As you’re about to create a multi-node Cassandra cluster, you must identify how many servers you’d like to have in your cluster and configure each of them.
It is recommended, but not required, to have the same or similar specifications.
To complete this tutorial, you’ll need following prerequisites:
You need at least two Ubuntu 14.04 servers configured using this initial setup guide.
Every server must be secured with a firewall using this IPTables guide.
Every server must also have Cassandra installed by following this Cassandra installation guide.
Step 1 — Deleting Default Data
Servers in a Cassandra cluster are called as nodes.
What you have on every server right now is a single-node Cassandra cluster. In this step, we will set up nodes to function as a multi-node Cassandra cluster.
All the commands in this and subsequent steps must be repeated over every node in the cluster, so be sure to have as many terminals open as you have nodes in the cluster.
The first command you’ll run on every node will stop the Cassandra daemon.
sudo service Cassandra stop
When that’s completed, delete the default dataset.
sudo rm -rf /var/lib/cassandra/data/system/*
Step 2 — Configuring the Cluster
Go to cassandra.yaml file placed in the bin directory of the setup folder.

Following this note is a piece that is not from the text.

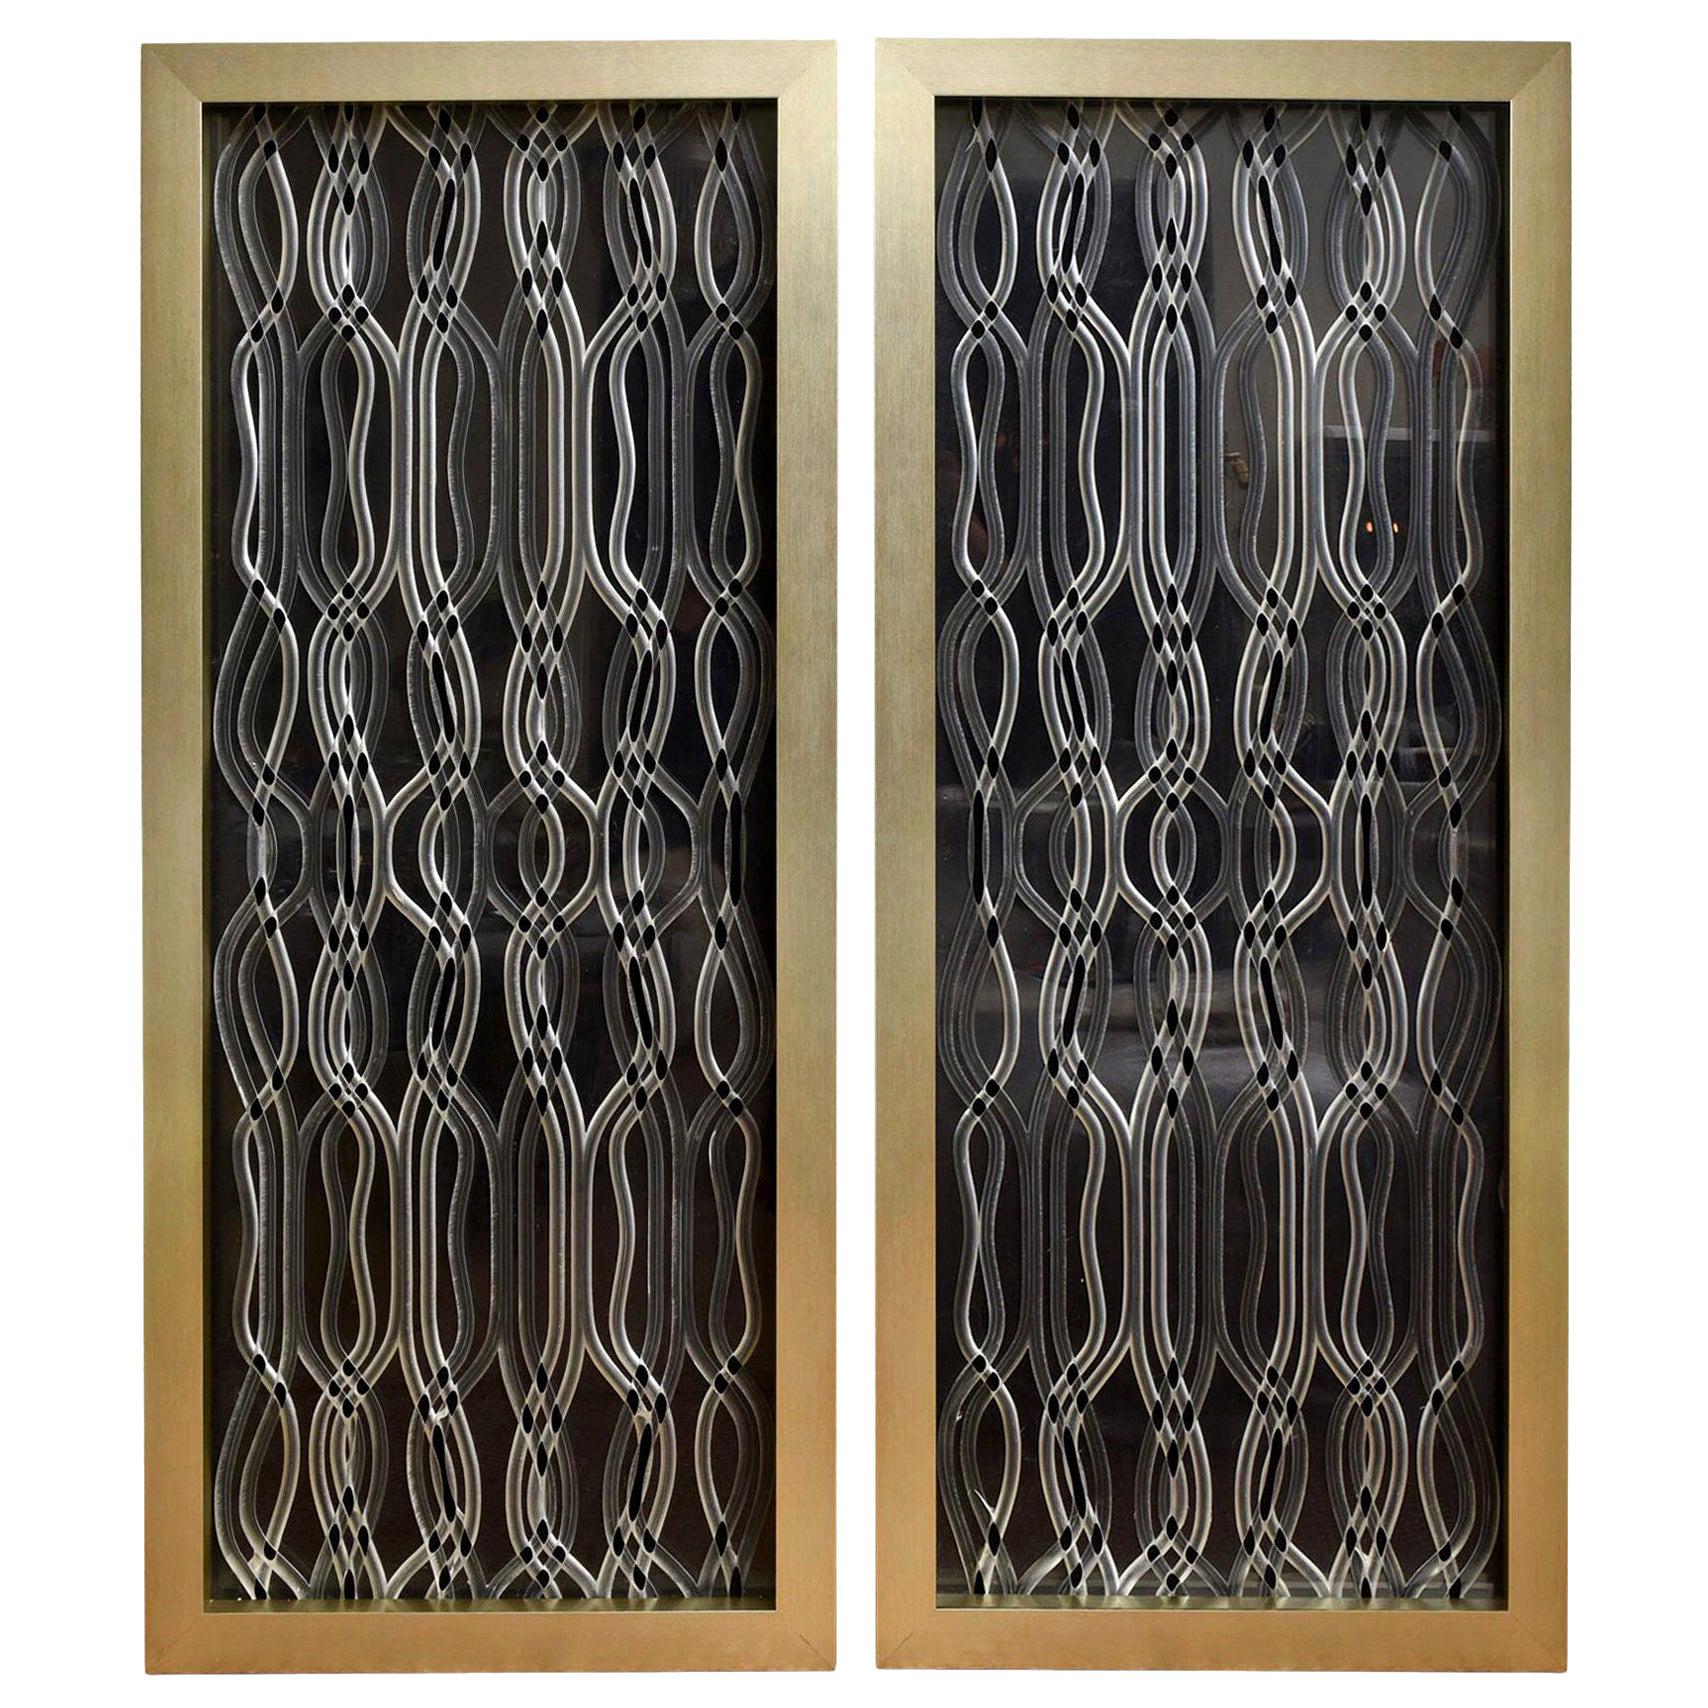 Lucite Dimensional Sculptural Panels Custom Framed Pair of Vintage

Only the following directives are required to be modified to set up a multi-node Cassandra cluster:
cluster_name: It’s the name of your cluster.
Note: All the nodes in your cluster need to have exactly the same name.
seeds: This is a comma-delimited list of the IP address of every node in your cluster.
listen_address: This is IP address which other nodes in the cluster will use to connect to this one. By defaults its localhost and needs changed to the IP address of the node.
rpc_address: This is IP address for remote procedure calls. It defaults to localhost. If server’s hostname is properly configured, leave this as is. Otherwise, change to server’s IP address or the loopback address (127.0.0.1).
endpoint_snitch: Name of snitch, which is what tells Cassandra about what its network looks like. This defaults to SimpleSnitch, which is utilized for networks in one datacenter. Here, we’ll change it to GossipingPropertyFileSnitch, which is preferred for production setups.
Step 3 — Configuring the Firewall
At this point, the cluster has been configured, but nodes are not communicating. Here, we’ll configure the firewall to allow Cassandra traffic.
First, restart Cassandra daemon on every node.
sudo service cassandra start
If you need to check status of cluster, you’ll find that only the local node is listed, because it’s not yet able to communicate with the other nodes.
sudo nodetool status
IN order to allow communication, we need to open the following network ports for every node:
- 7000: which is TCP port for commands and data.
- 9042: which is TCP port for native transport server. cqlsh, the Cassandra command line utility, will connect to cluster through this port.
To modify firewall rules, open the rules file for IPv4.
sudo vi /etc/iptables/rules.v4
Copy and paste the following line within the INPUT chain, which will allow traffic on the a for mentioned ports.
You can insert following line just before the
# Reject anything that’s fallen through to this point comment.
The IP address specified by -s must be the IP address of another node in a cluster.
If you have two nodes with IP addresses
the rule on the
22.214.171.124 machine must use the IP address 126.96.36.199.
-A INPUT -p tcp -s your_other_server_ip -m multiport –dports 7000,9042 -m state –state NEW,ESTABLISHED -j ACCEPT
After adding rule, save and close the file, then restart IPTables.
Step 4 — Check the Cluster Status
We’ve now completed all the steps needed to make the nodes into a multi-node cluster. You can verify that they’re all communicating by checking their status.
sudo nodetool status
If you can now see all the nodes you configured, you’ve just successfully set up a multi-node Cassandra cluster.
You can also check if you can connect to the cluster using cqlsh, the Cassandra command line client.
Note that you can specify the IP address of any node in the cluster for this command.
cqlsh your_server_ip 9042